= The task =
Here are records with pictures in them. Copy all of them exactly and leave the pictures out.

= Material provided =
+---+

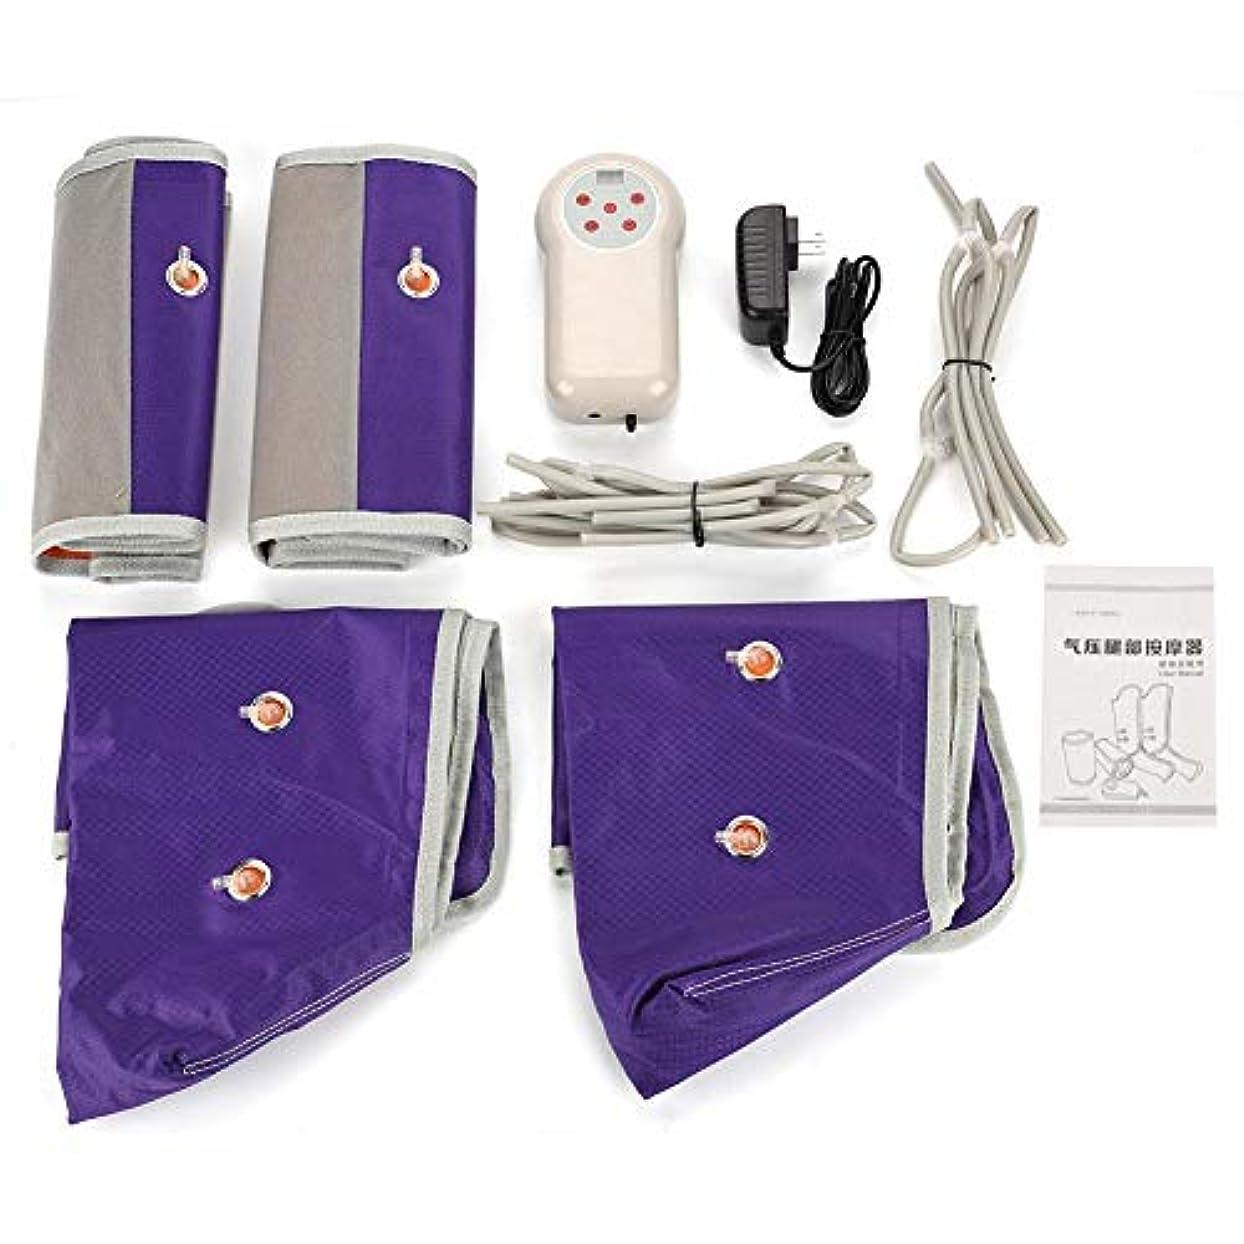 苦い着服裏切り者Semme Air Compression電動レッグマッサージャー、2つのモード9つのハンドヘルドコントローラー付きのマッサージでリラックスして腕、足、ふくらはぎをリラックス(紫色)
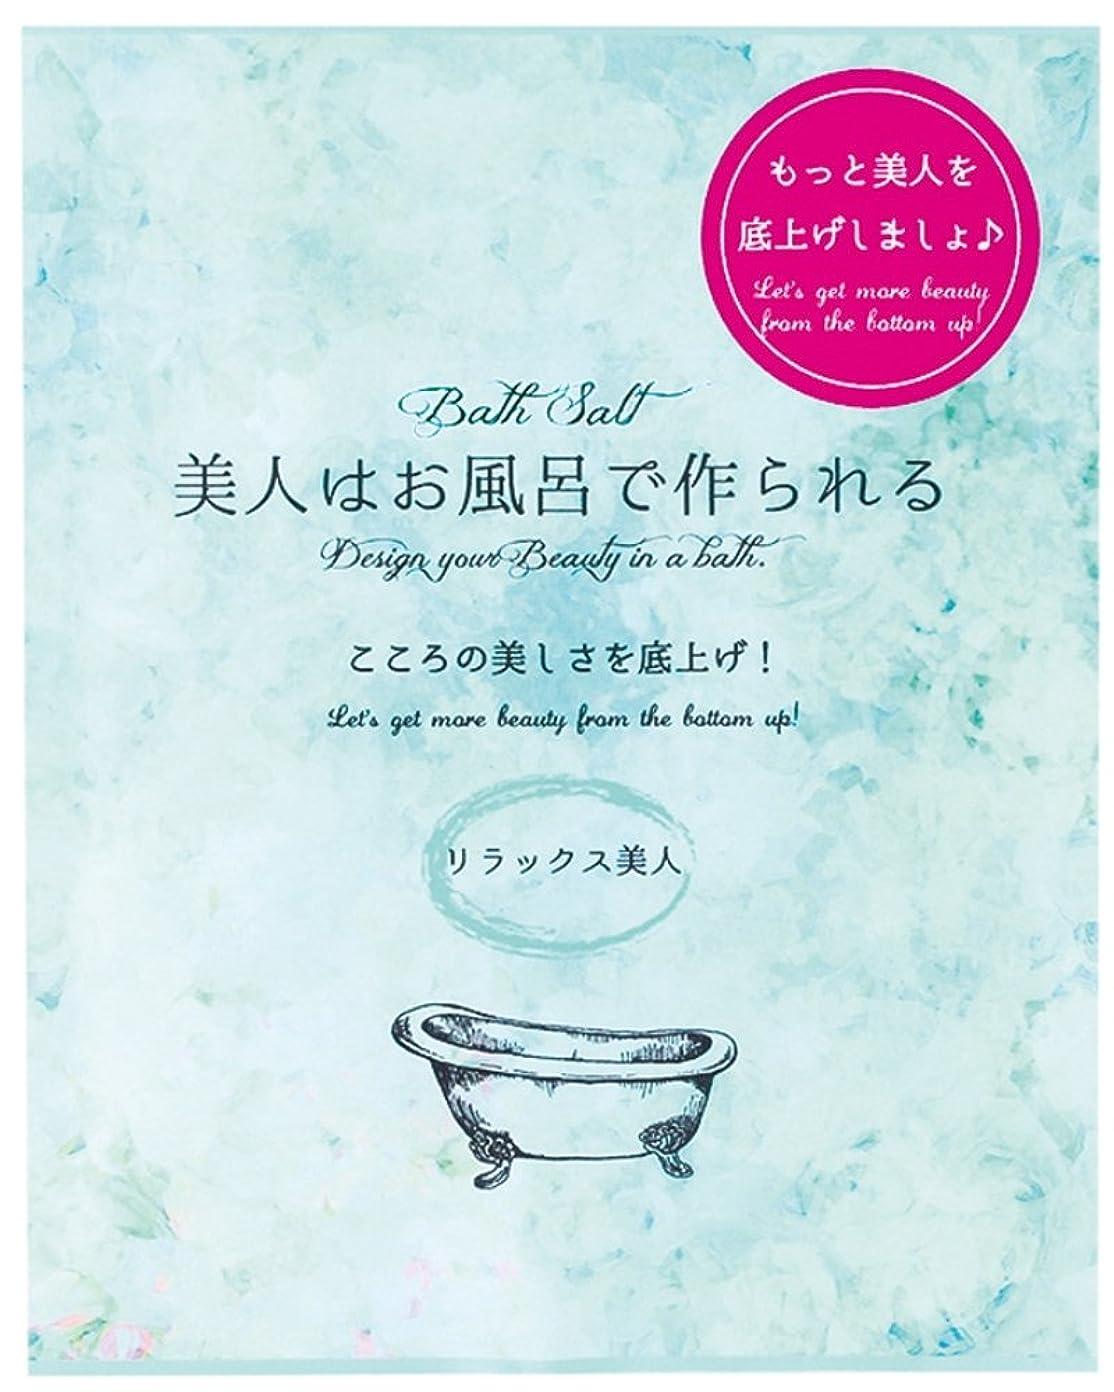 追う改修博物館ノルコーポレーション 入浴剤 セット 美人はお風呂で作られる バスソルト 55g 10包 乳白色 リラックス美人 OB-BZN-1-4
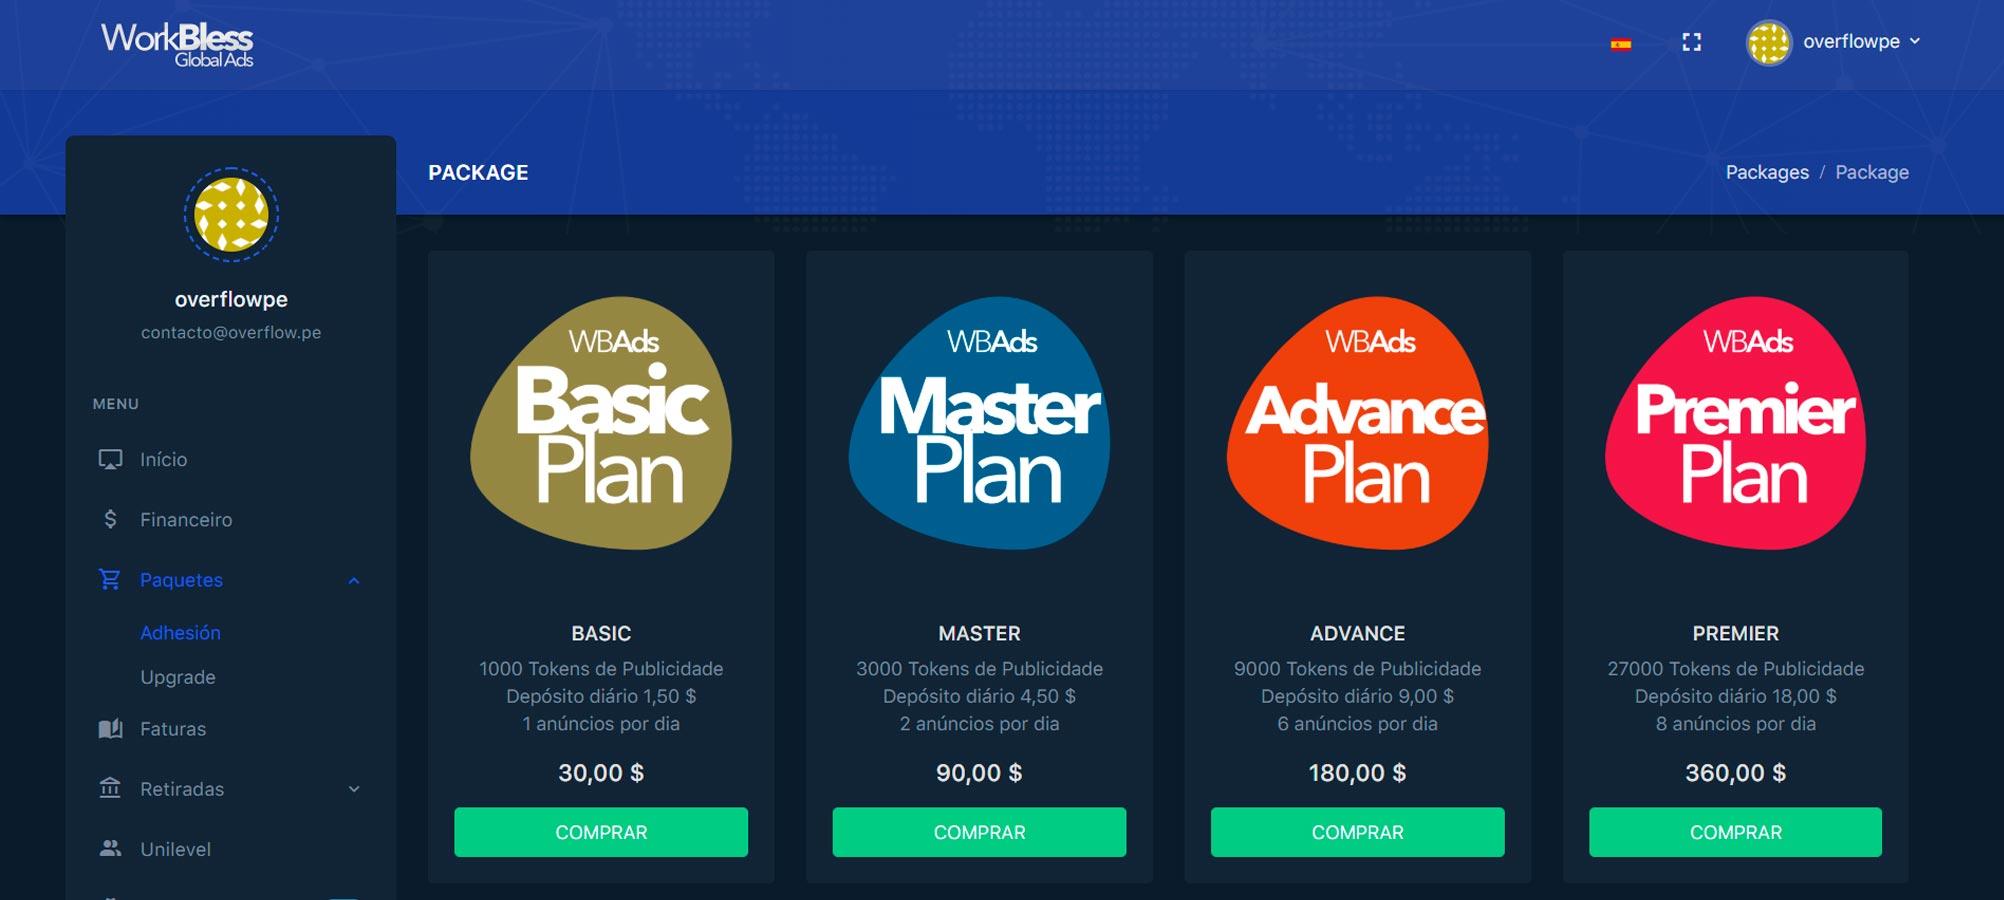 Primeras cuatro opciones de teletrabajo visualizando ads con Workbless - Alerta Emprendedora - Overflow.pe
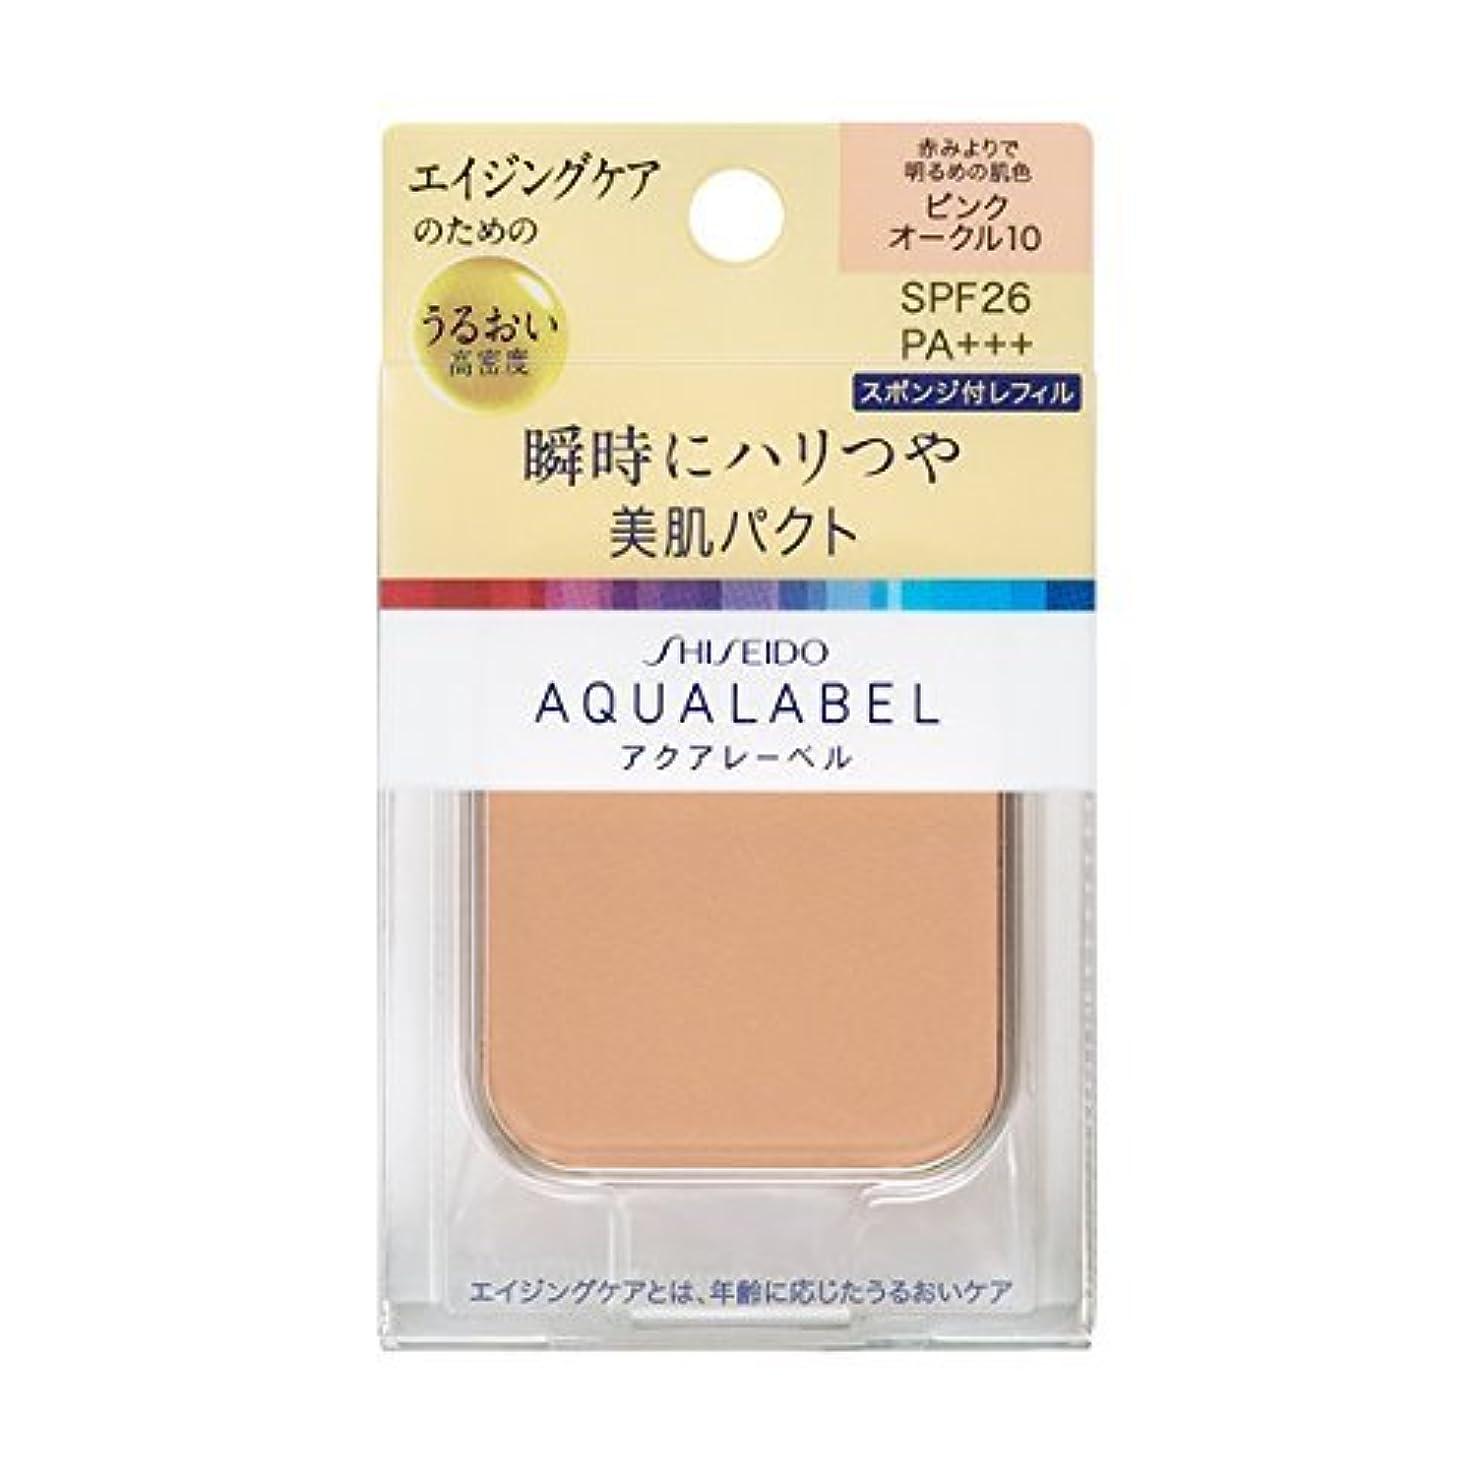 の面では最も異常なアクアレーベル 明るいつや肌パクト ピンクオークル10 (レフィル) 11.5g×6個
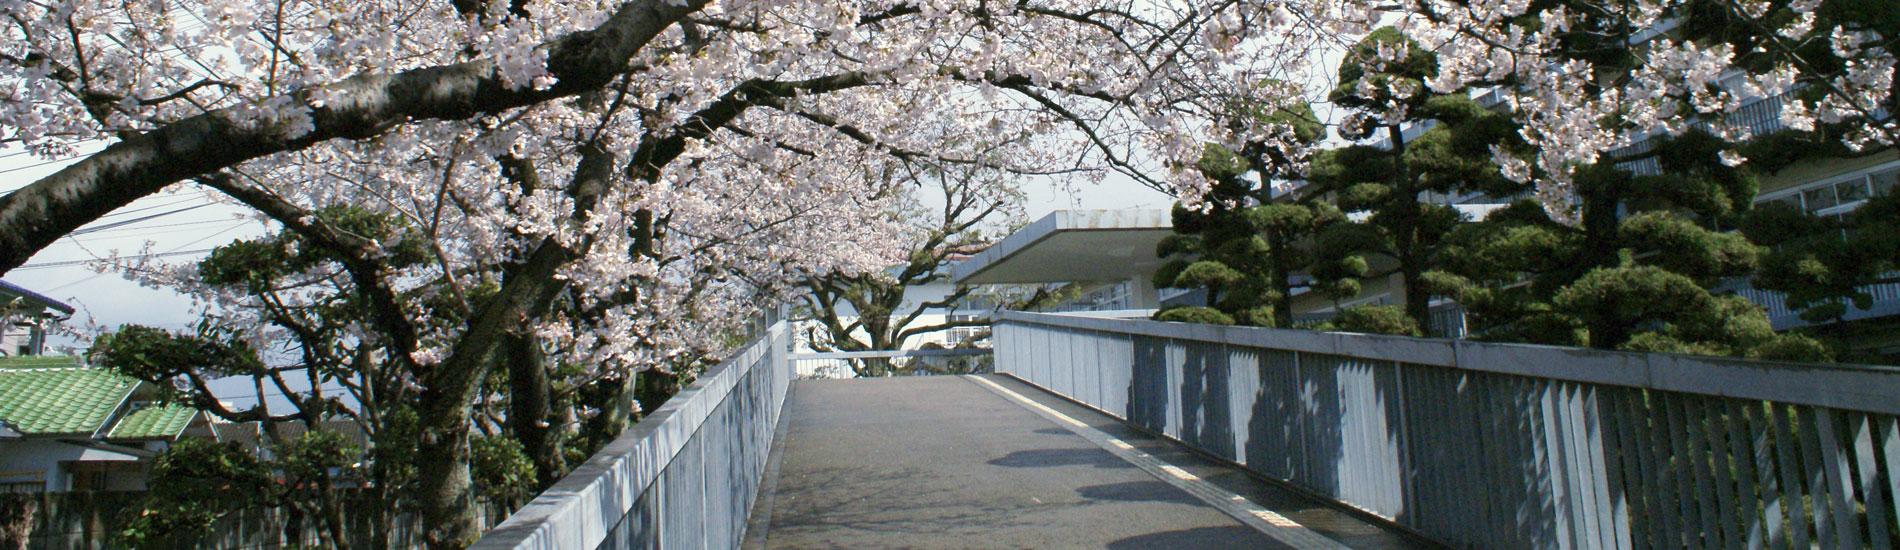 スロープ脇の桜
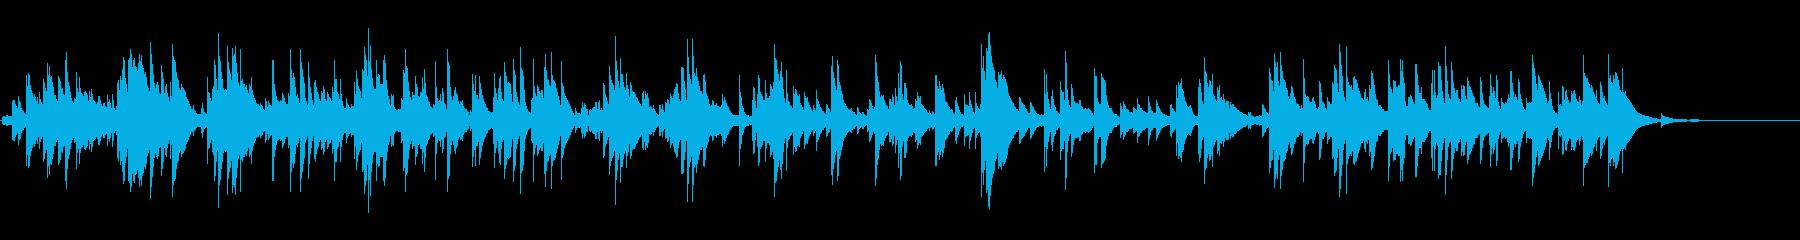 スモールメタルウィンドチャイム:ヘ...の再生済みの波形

+---+

= Response area =
 苦い着服裏切り者Semme Air Compression電動レッグマッサージャー、2つのモード9つのハンドヘルドコントローラー付きのマッサージでリラックスして腕、足、ふくらはぎをリラックス(紫色)
 追う改修博物館ノルコーポレーション 入浴剤 セット 美人はお風呂で作られる バスソルト 55g 10包 乳白色 リラックス美人 OB-BZN-1-4
 Primeras cuatro opciones de teletrabajo visualizando ads con Workbless - Alerta Emprendedora - Overflow.pe
 の面では最も異常なアクアレーベル 明るいつや肌パクト ピンクオークル10 (レフィル) 11.5g×6個
 スロープ脇の桜
 スモールメタルウィンドチャイム:ヘ...の再生済みの波形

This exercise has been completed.